Feb 22, 2007 11:46
A few things have happened this week...
~The concert went wonderfully!! It was so exciting to get up there and perform my song and help Lisa with hers! We made the main picture on the info page and it stayed up all day! I listened to the CD that we made and I'm not too thrilled about it, but it is my song recorded.
~I'm having issues with the self-image and self-worth thing again...for some reason, I just can't shake it. It usually happens for a day or two each month, but it has now gone on for 2 1/2 weeks. I don't know if it's because of the fact that I am overwhelmed with school and life in general or if there is something deeper there that I'm not seeing...or refuse to see.
~I don't know what to give up for Lent.
~I find it so ironic how I can be surrounded by people and yet feel so completely alone.
~I hate how the only thing I'm good at, I am struggling with. Music is the only thing that I have that I feel like I can excel in, but I struggle constantly with it. JJ told me that it's only because I'm trying to better myself with it, but I don't know if I believe him completely.
~I'm realizing how much I miss home and my friends and family there. I got a message from Spamer the other day that made me smile.
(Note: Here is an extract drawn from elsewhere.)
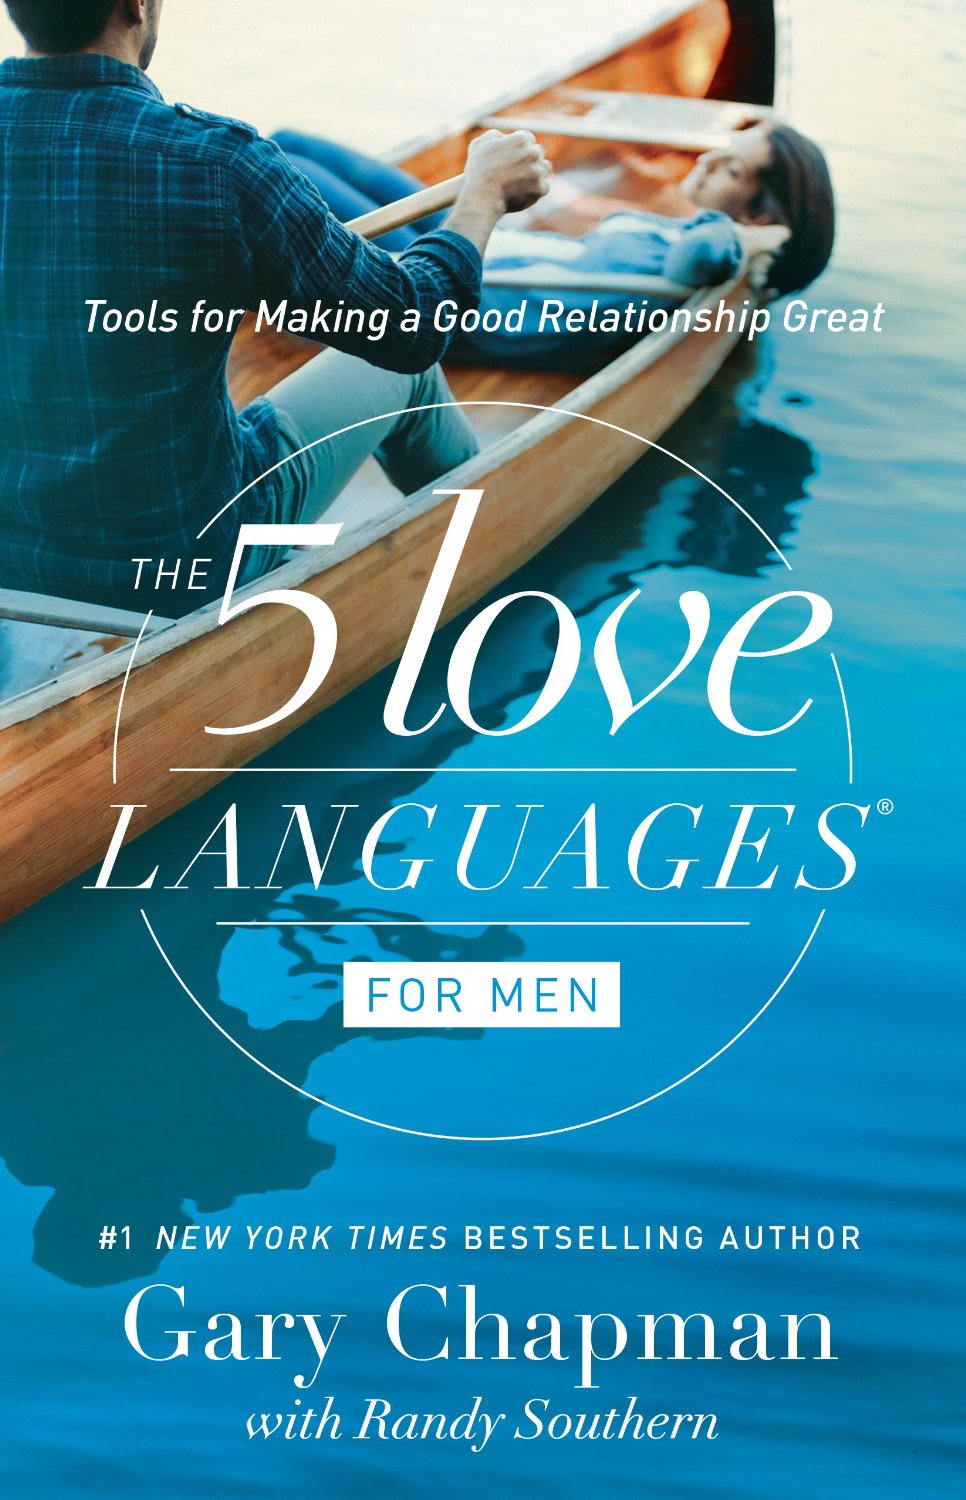 book-review-the-five-love-languages-for-men-by-gary-chapman-and-randy-southern-julie-arduini

I hate that I hardly ever have time to talk to anybody that I don't see on a regular basis. I feel like I'm losing touch of reality because of it sometimes.
~I just miss the days when all I had to worry about was petty things. I miss not feeling stupid after worrying about said petty things. I miss the days where I had time to do homework. Nowadays, I don't even have time to do that...heh.
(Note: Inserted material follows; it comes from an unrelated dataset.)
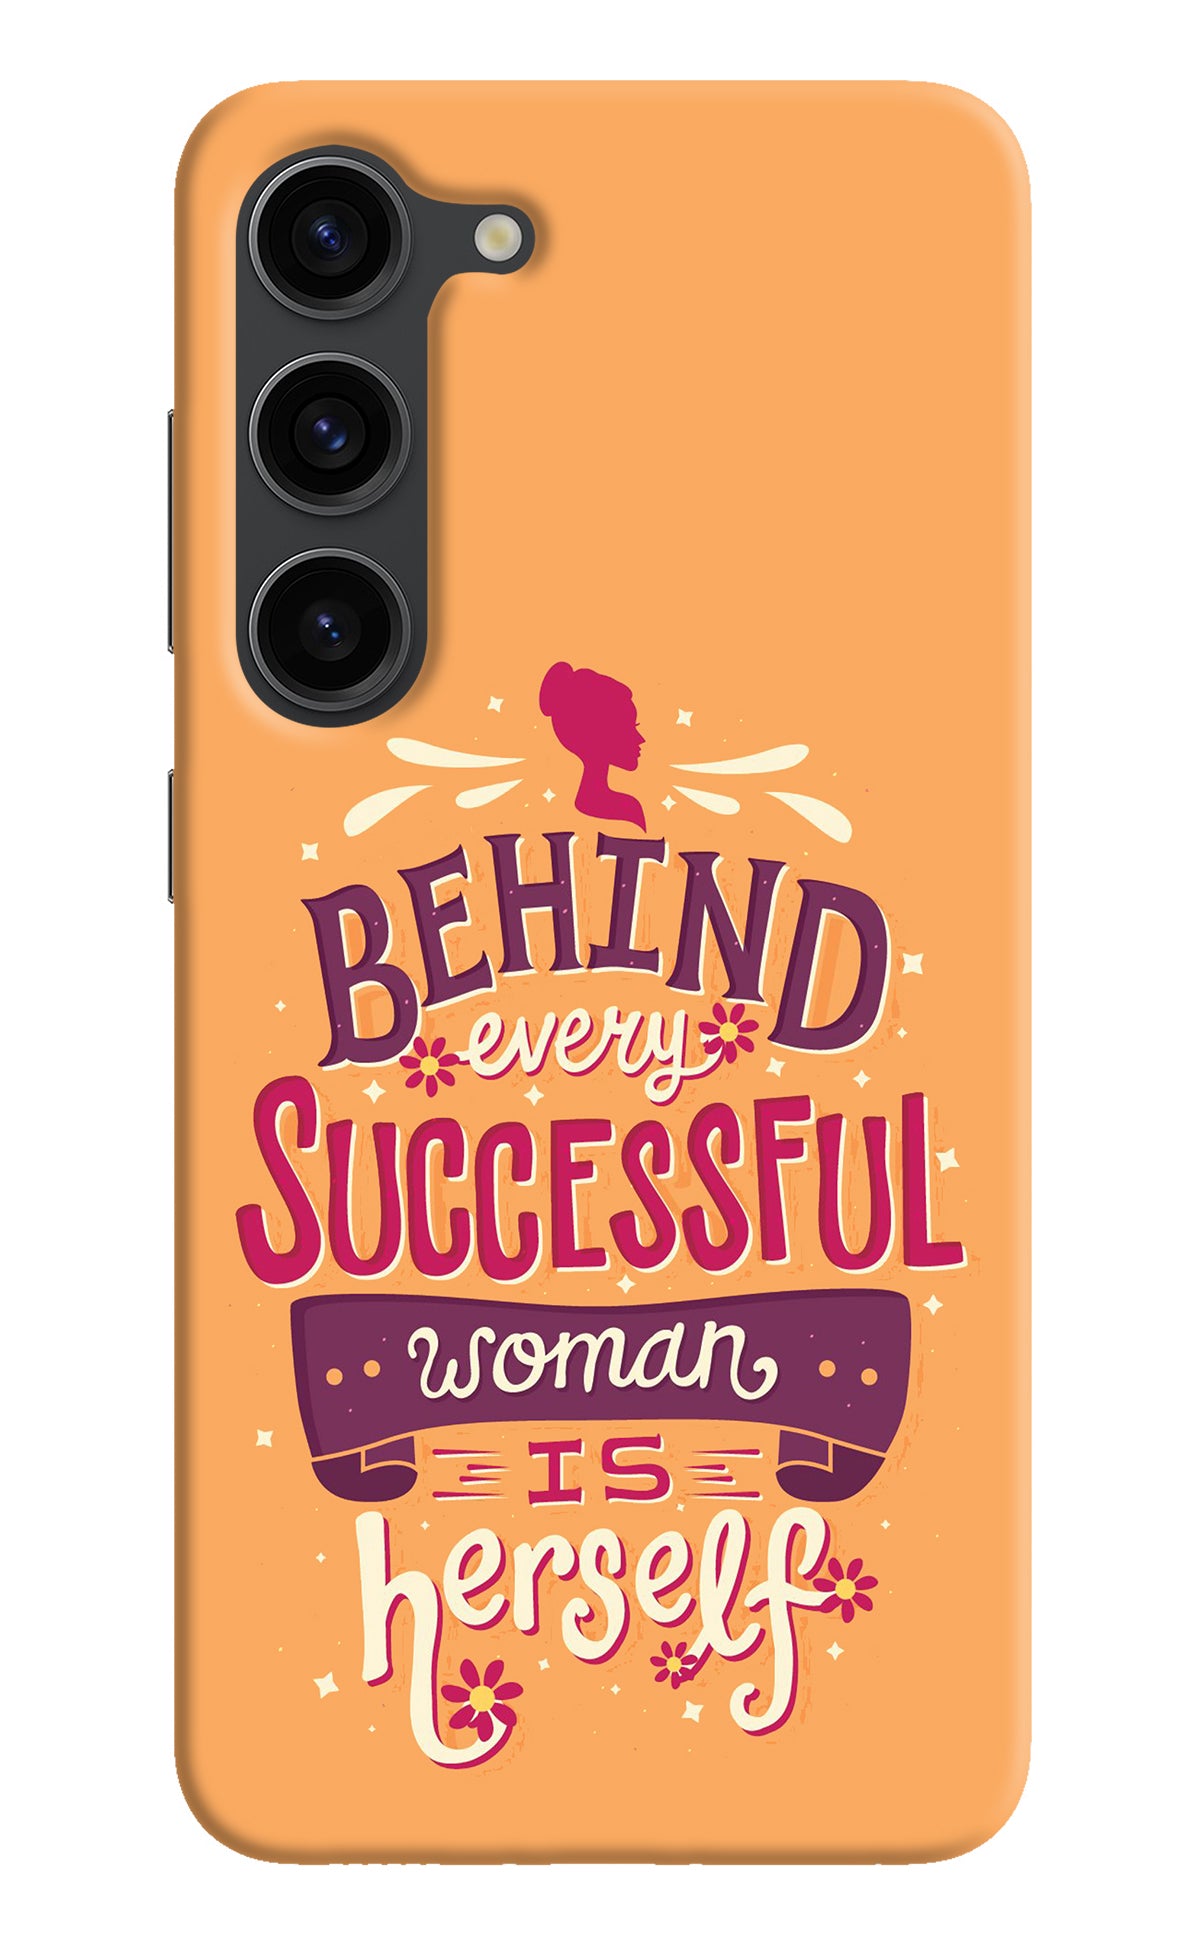 Behind Every Successful Woman There Is Herself Samsung S23 Plus Back Cover

~I contemplated going part time the other day but quickly realized that I can't do that because of insurance reasons and stuff like that. Also, if I went part time, I don't think I'd get done with this degree any time soon...granted I feel like that now, but this would actually be the case if I did that.
~I am getting burned out from school and I don't know what to do about it. It's a good thing summer's coming up...if it wasn't, I think I would end up pulling all my hair out.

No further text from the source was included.